Париж ждал весны. Вот и сегодня, слоняясь по дому, я снова вижу реку, мощенные булыжником quais[70], мосты. Под мостами проплывают шлюпки, на них можно видеть женщин, развешивающих выстиранное белье. Иногда увидишь байдарку, и на ней молодого человека, усердно работающего веслом, вид у него беспомощный и глуповатый. У берега покачиваются яхты, стоят плавучие дома и баржи. Мы постоянно проходим мимо пожарной части, и пожарные уже узнают нас. Позже, когда Джованни прятался зимой на барже, именно пожарный, увидев, как он крадется вечером в свое убежище с буханкой хлеба, донес на него в полицию.

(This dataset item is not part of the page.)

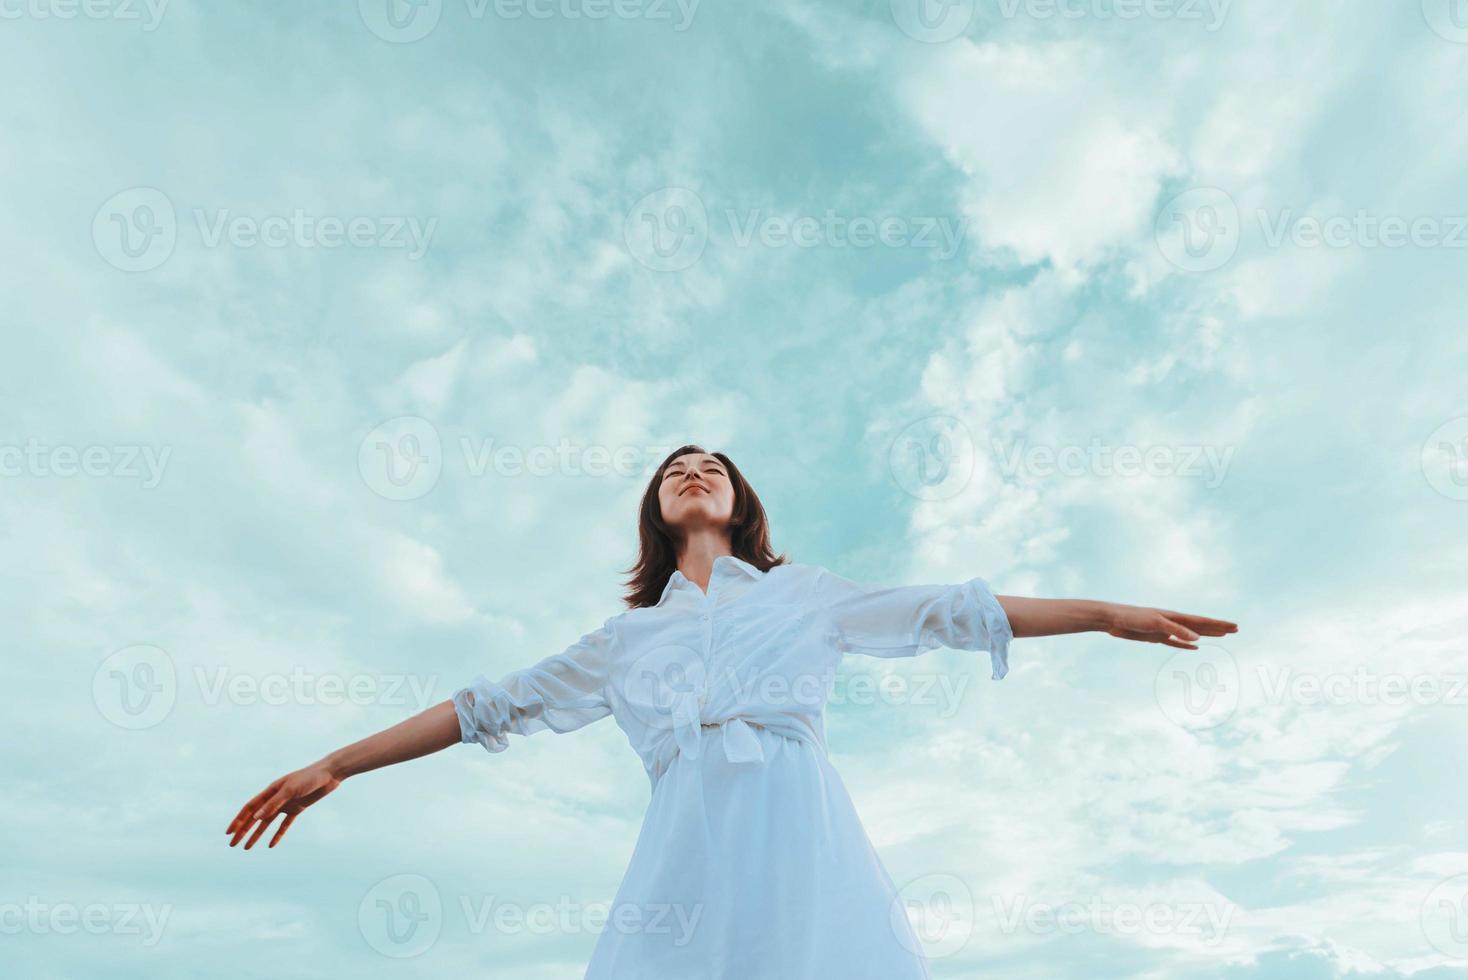 jeune femme aux bras levés bénéficiant d'une belle journée photo

Деревья день ото дня зеленели, река вскрылась, над ней плыл коричневатый зимний дымок, появились рыбаки. Джованни был прав, говоря, что рыба для них не главное, им просто приятен процесс ловли. Книжные развалы на набережных обрели праздничный вид, продавцы ждали хорошей погоды и покупателей, которые будут неспешно рыться в потрепанных книжках, а также туристов с их вечным желанием увезти в Соединенные Штаты или в Данию множество цветных гравюр – гораздо больше, чем им нужно. Появились девушки на велосипедах в сопровождении молодых людей точно в такой же, как у девушек, экипировке. Иногда мы видели, как с приближением темноты молодежь оставляла велосипеды на набережной до завтрашнего дня. Тогда Джованни как раз потерял работу, и мы подолгу бродили вечерами. Это были грустные вечера. Джованни чувствовал, что я скоро расстанусь с ним, но не заговаривал об этом, боясь подтверждения своих опасений. Я тоже не осмеливался открыть ему правду. Из Испании возвращалась Гелла, отец согласился прислать мне деньги, и я не собирался делиться ими с Джованни, хотя тот много сделал для меня. У меня появилась возможность вырваться из его комнаты.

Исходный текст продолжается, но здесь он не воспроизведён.